Image: Antioch College
A lone student walks past Antioch Hall, the administration building at Antioch College in Yellow Springs, Ohio, in this Oct. 9, 2007 file photo. The 157-year-old college suspended operations at its flagship campus in June due to dwindling enrollment.Skip Peterson / AP file
/ Source: Forbes

In June, 157-year-old Antioch College decided to "suspend operations" at its flagship campus despite a push from alumni to rescue the flailing institution.

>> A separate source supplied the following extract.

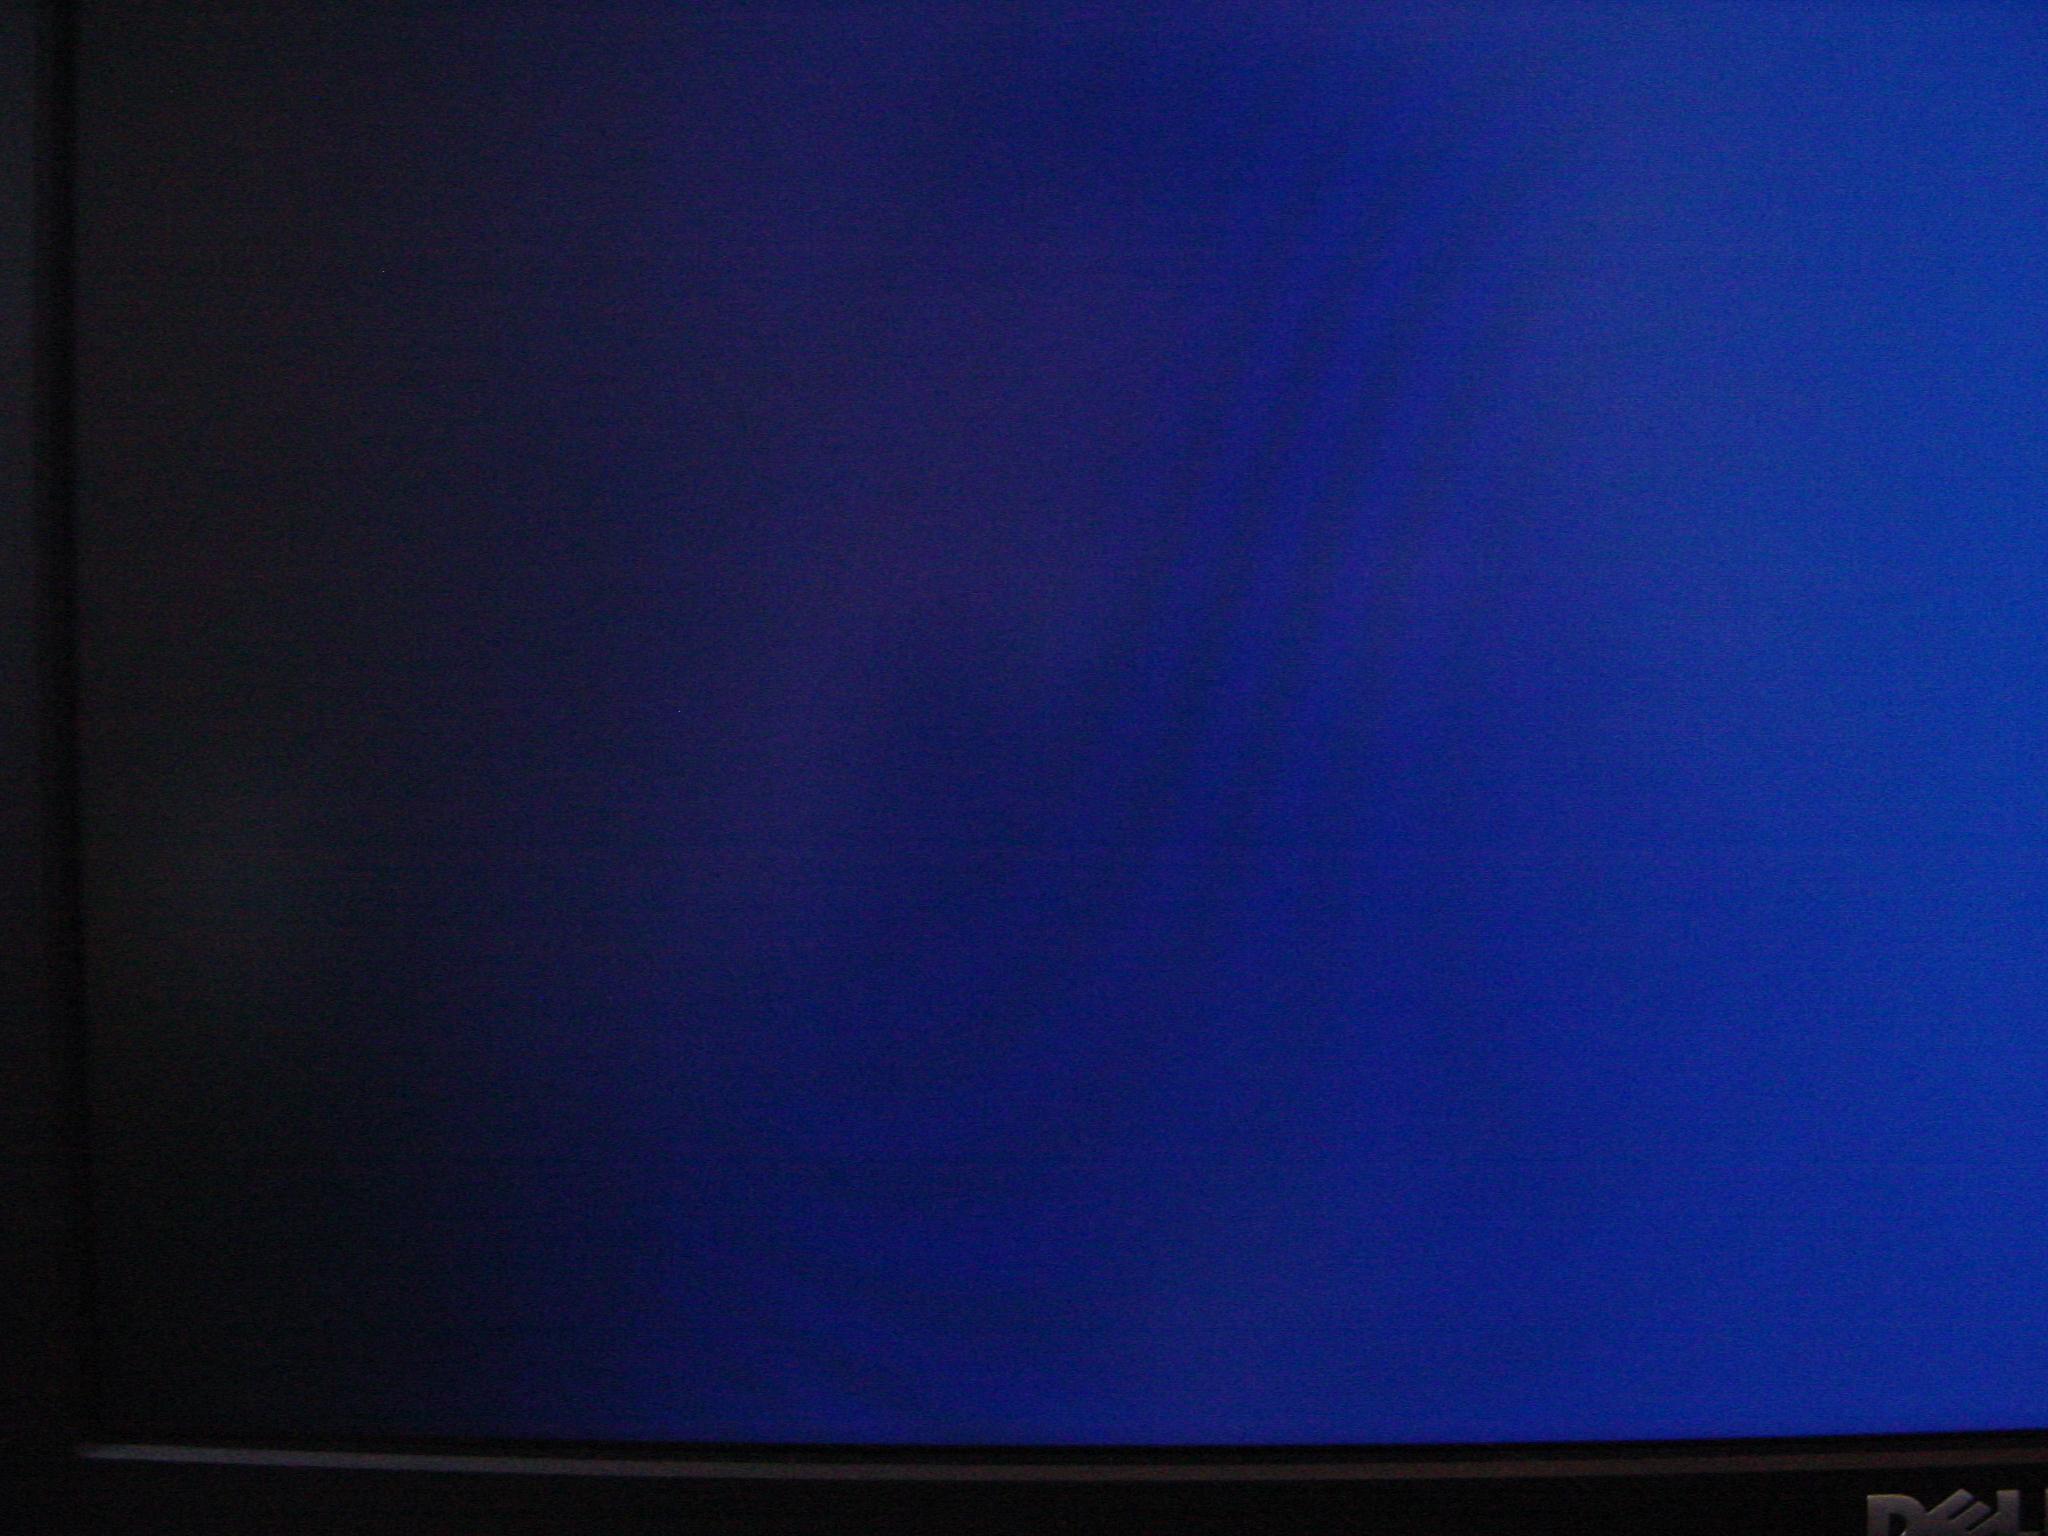 تحميل برنامج NVIDIA Forceware for 9X-ME, رابط مباشر thumbnail

At that point, only 60 students were enrolled, and their $40,000 per year tuition was being heavily subsidized by Antioch's five newer campuses.

Antioch Chancellor Toni Murdock said the plug had to be pulled. "It was a downward spiral where fewer students led to fewer professors, and eventually the deficit was projected to be so large that the other schools no longer wanted to subsidize their mother school."

They may soon have company. Home builders and banks aren't the only ones facing economic headwinds these days. America's undercapitalized independent colleges are staring at a spiral of major threats to solvency as penny-pinching students and parents consider cheaper options, and funding sources dry up. As a result, they could be the next bubble industry to pop.

The crush is coming fast. According to a September 2008 study by the National Association of Independent Colleges and Universities, of the 504 member institutions surveyed, one-third said the credit crunch had hurt enrollment, and about a fifth of respondents said they had fewer returning students than expected. Roughly the same number said they had a smaller incoming freshman class than expected.

But while head counts slide, needs rise. Demand for student aid is up, but charitable donations from foundations and individuals will fall during a downturn. Ditto for investment returns. And thanks to tanking tax revenue, federal aid may take a hit, too. Taken together, many independent institutions start to look vulnerable. "They are financially precarious for sure," says Sandy Baum, a Skidmore College economist and senior policy analyst at the College Board.

‘Country club’ closed?
The crunch will be particularly bitter for the institutions that drained coffers to build "country club colleges" complete with luxury dormitories, spas and top of the line sports complexes to lure choice students, hoping that a sharper crowd would lead to more accretive diplomas, entering a profitable cycle of more successful alumni and increased donations.

Many had little choice. "If a college decides we're not going to have fancy dorms or build a shiny new gym, students are not going to that college," says Baum. "People are not choosing the lowest price college, and that's a consumer issue, not a public policy problem."

Adds William Powers, the president of the University of Texas at Austin: "The market is choosing quality regardless of incremental costs."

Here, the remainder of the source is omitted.